BVH accelerated point light shading
In deferred rendering
My engine uses a lot of modern techniques like programmable vertex pulling, persistent mapped buffer based multi threaded rendering with a ring buffer and at the core of these techniques, there is this concept of a simple structured buffer. Experiments with compute based ray tracing on kd- and octrees led me to stackless tree traversal on the gpu, which is very very interesting and can be easily found on the internet. And occasionally, I found this article about an alternative to all those clustered, forward plus deferred tile based or whatever approaches for a massive amount of lights. I highly recommend reading it and all the other nice posts over there. He got my interest. I heard about light bvhs only for offline renderers. And structured buffers? I have them. Compute shaders, I have them. My point lights? Yea, maybe I have many of them, but they mostly don't move. And than again, I need rendering and light evaluation not only for my deferred rendering pass, but also for my transparency pass, a regular grid of environment probes or my voxel cone tracing grid...
Long story short, implementing a basic version was very easy, because the concept is so simple.
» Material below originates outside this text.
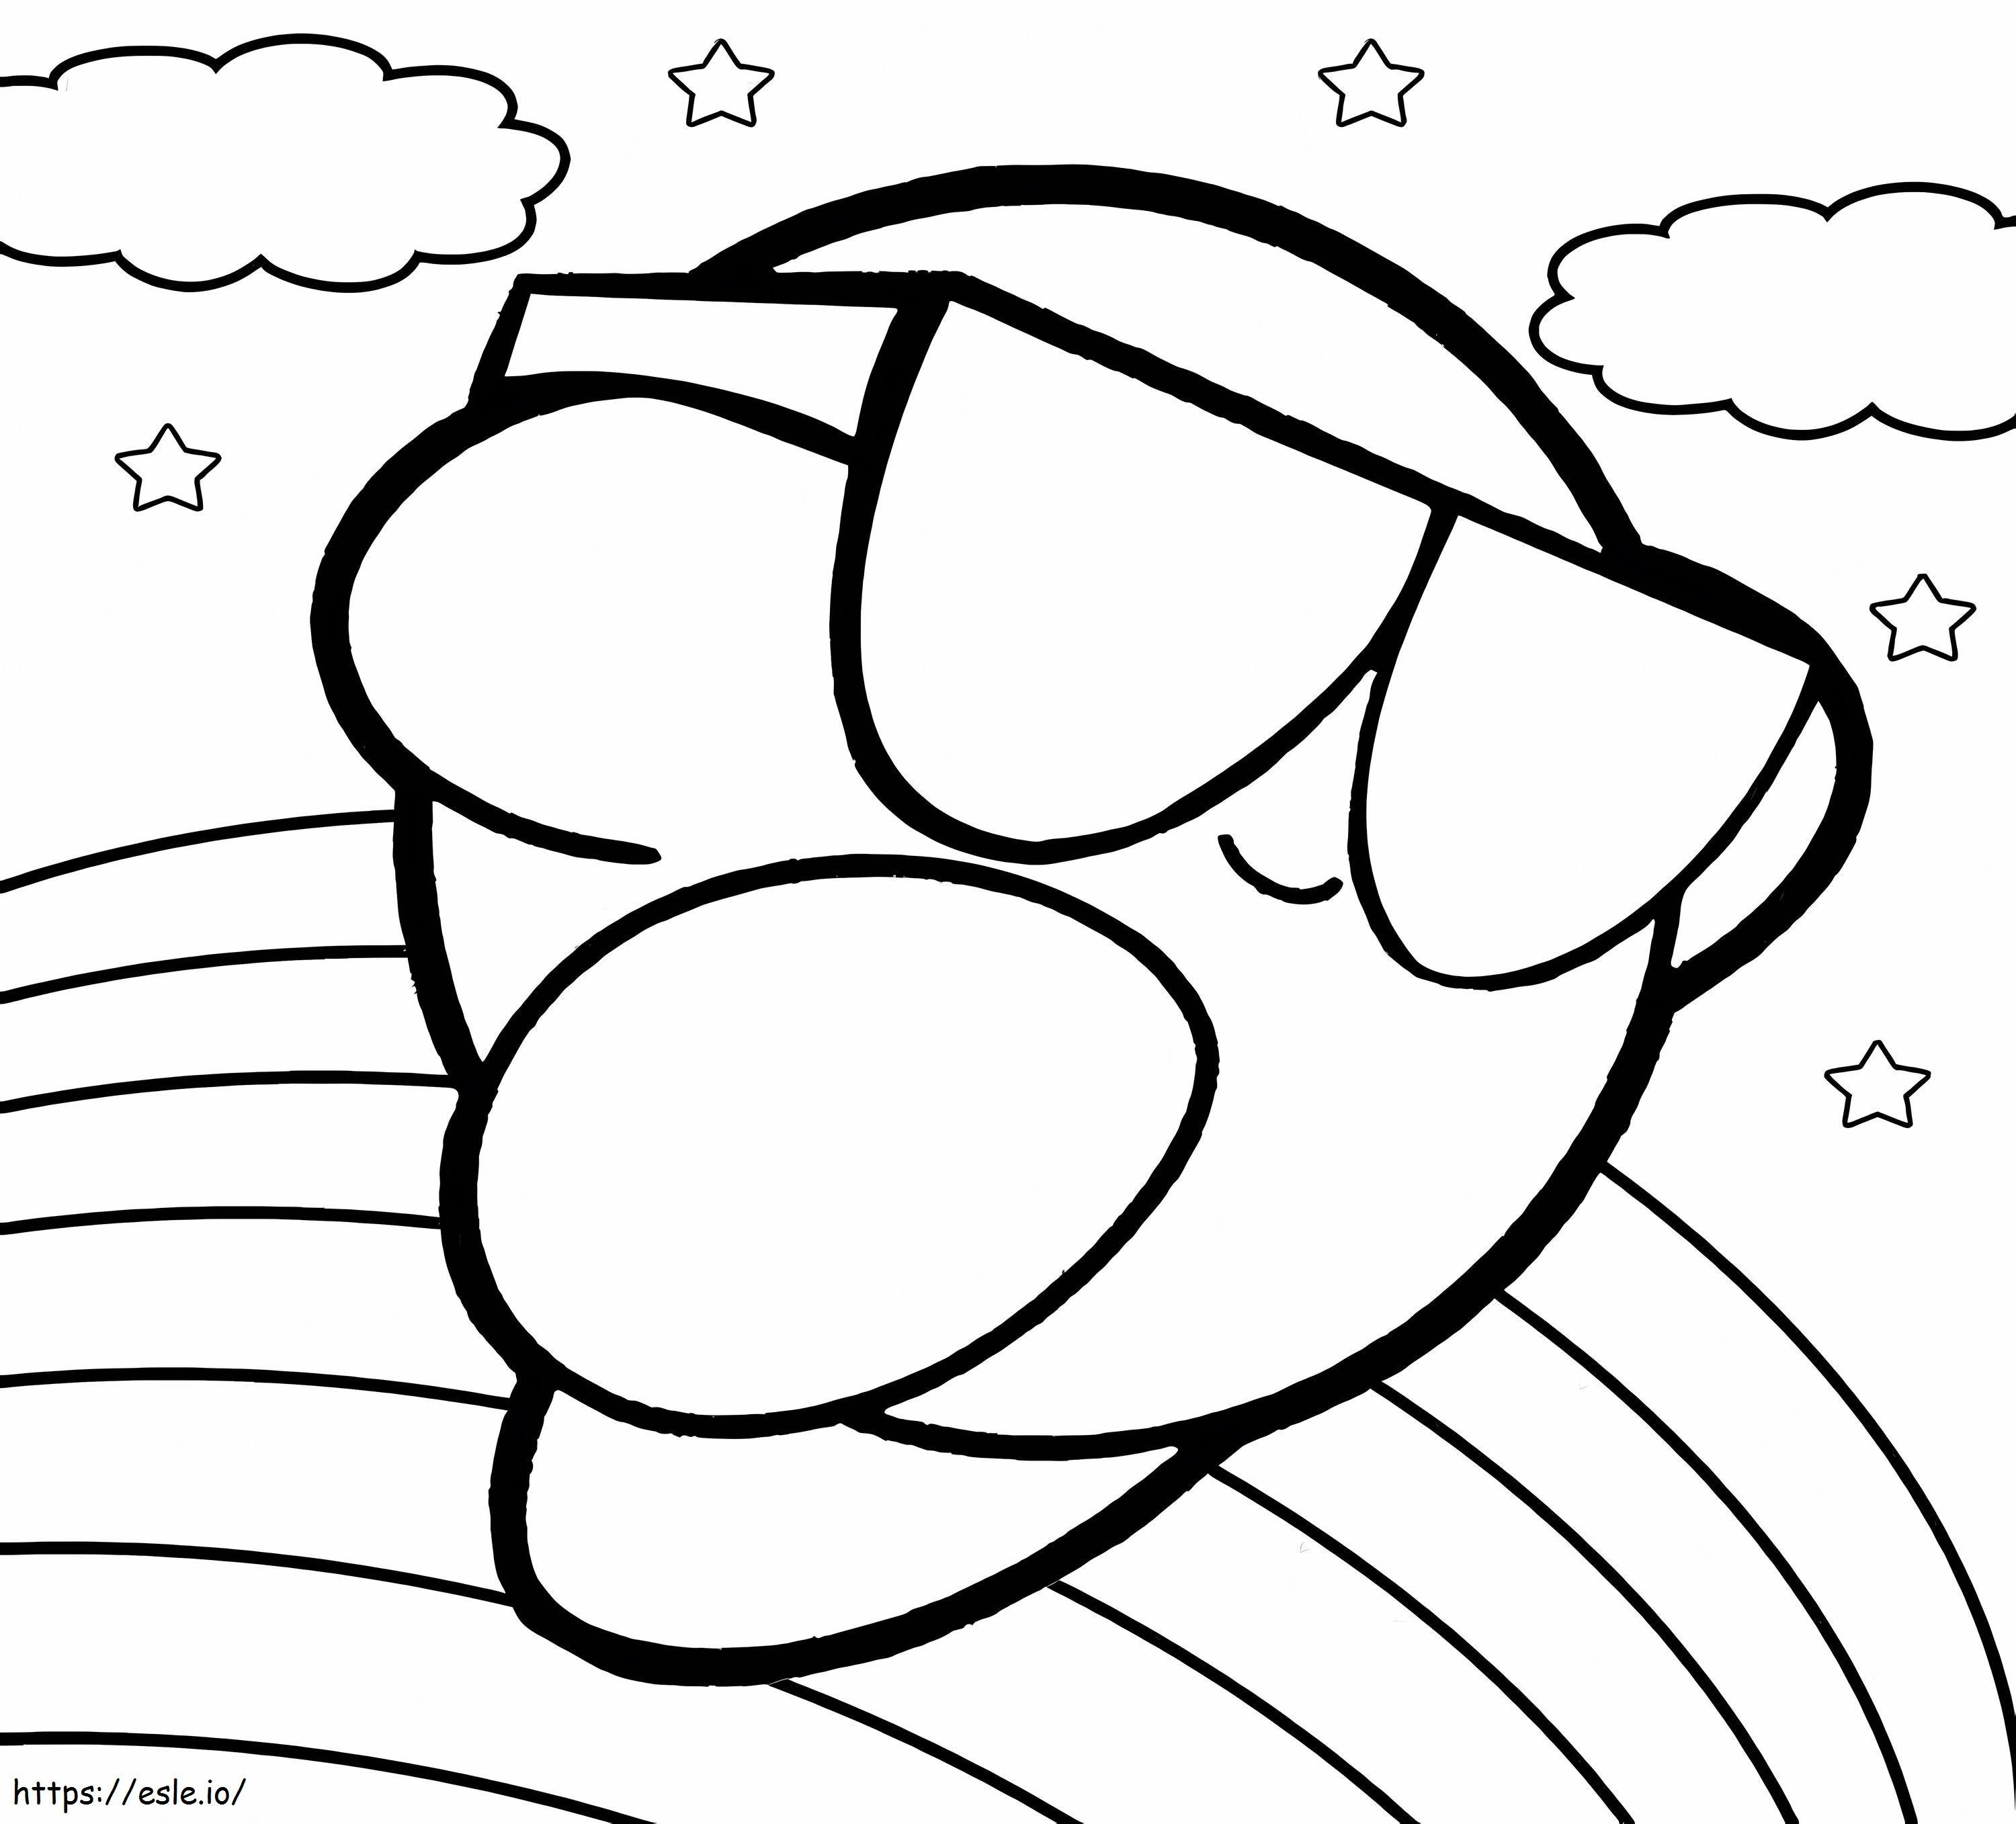 Genial Kirby coloring page
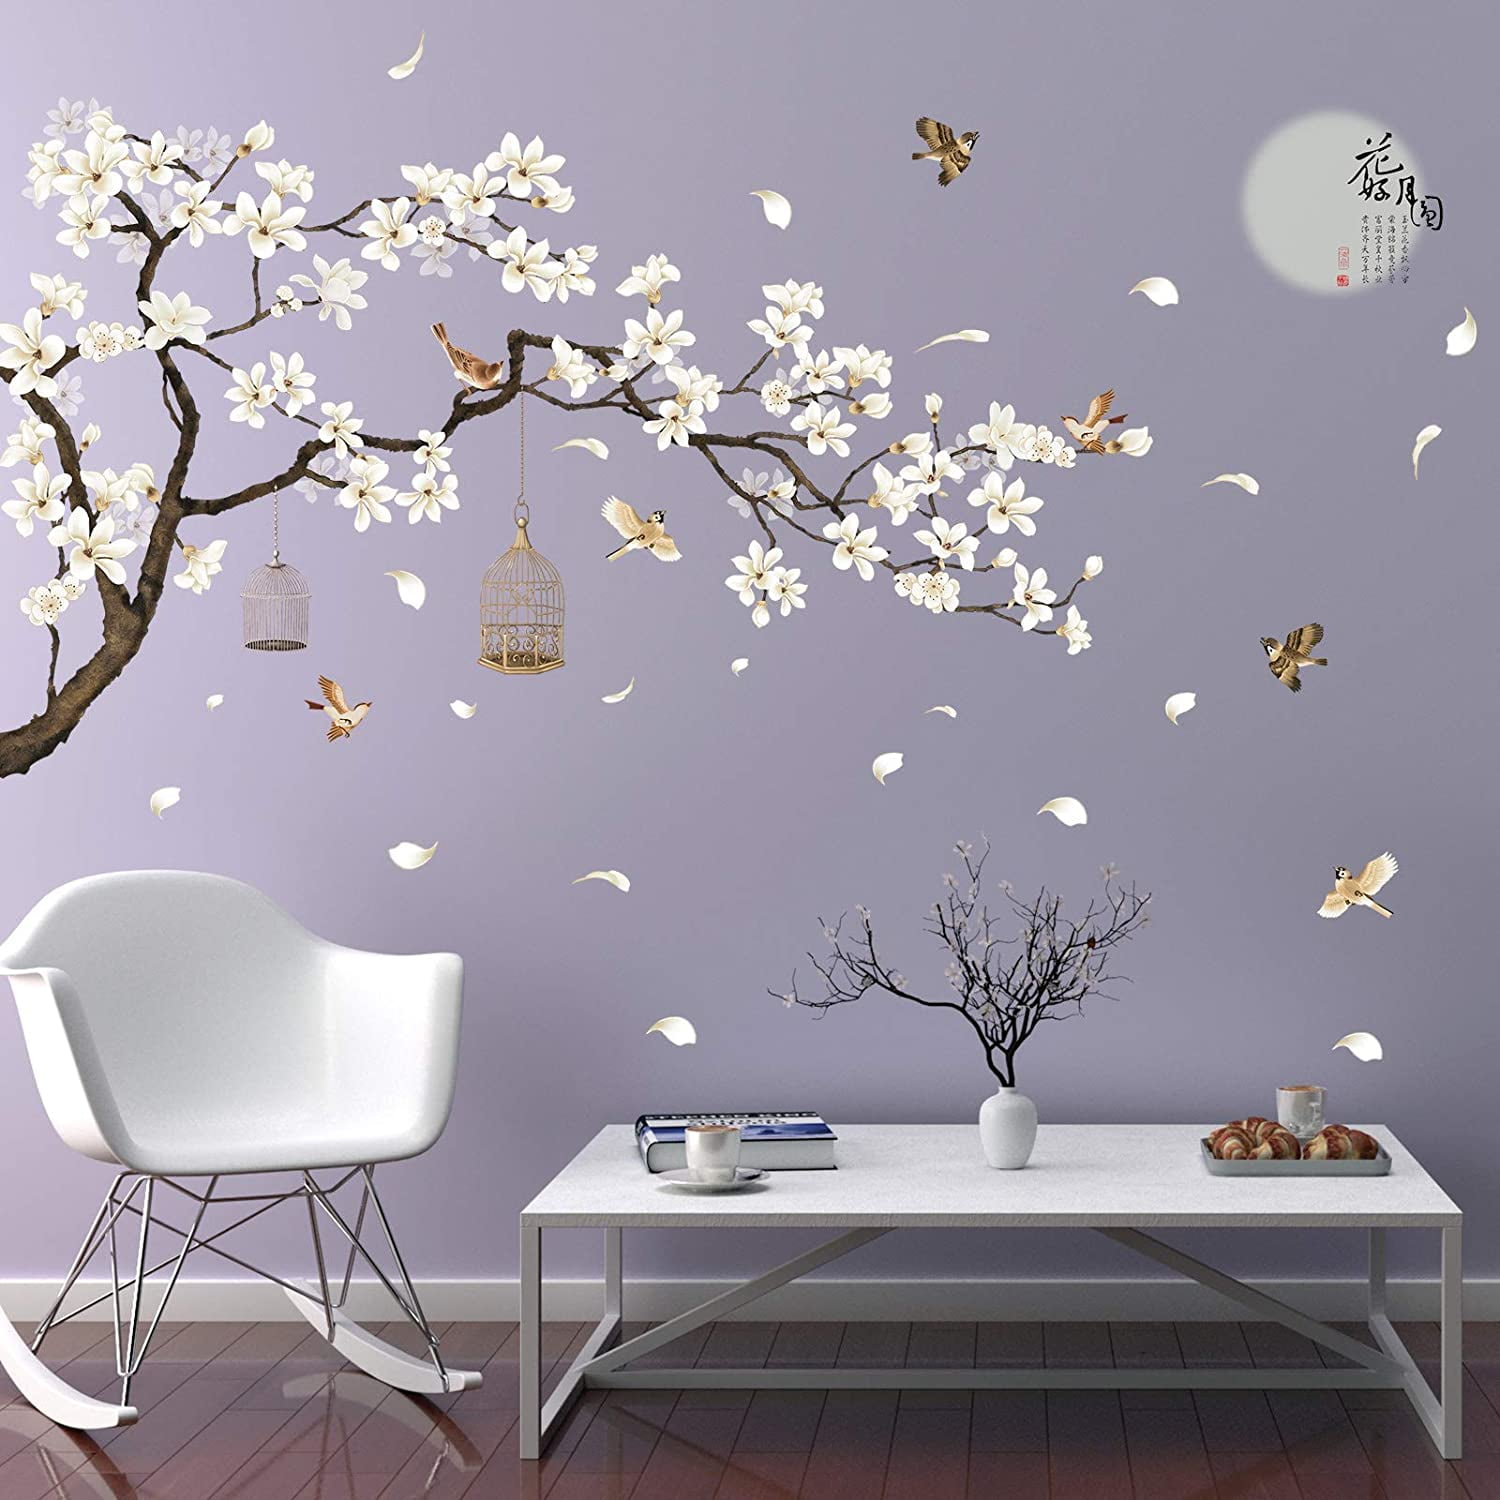 Removable 3D Large View Wall Sticker Kids Home Room Mural Wallpaper Decor Decals

Assuming a static tree, my implementation needs ~10ms for 100 point lights instead of ~34ms in the most trivial compute shader in the quite dense configuration above on my crappy notebook with integrated intel card. In a less dense configuration, the time goes down to ~4ms and less. It really depends on the amount of overlapping volumes and how efficient the tree is. 500 pointlights scattered over the Sponza atrium takes below 30ms.
BVH update: The most tricky and also the most costly part of the whole thing is probably the creation and update of the BVH which I haven't implemented efficiently yet. My creation happens on any light movement and clusters lights or inner nodes recursively into buckets of 4. 4 gave me better performance than 8 as in the blog post, probably because my light struct layout is not very efficient.
Sphere union: The implementation to find an enclosing sphere for n spheres is from here. I'm not too sure that a really optimal sphere is found, but since I'm feeding every sphere's aabb corner points into the library, some efficiency is already wasted on my side or the program.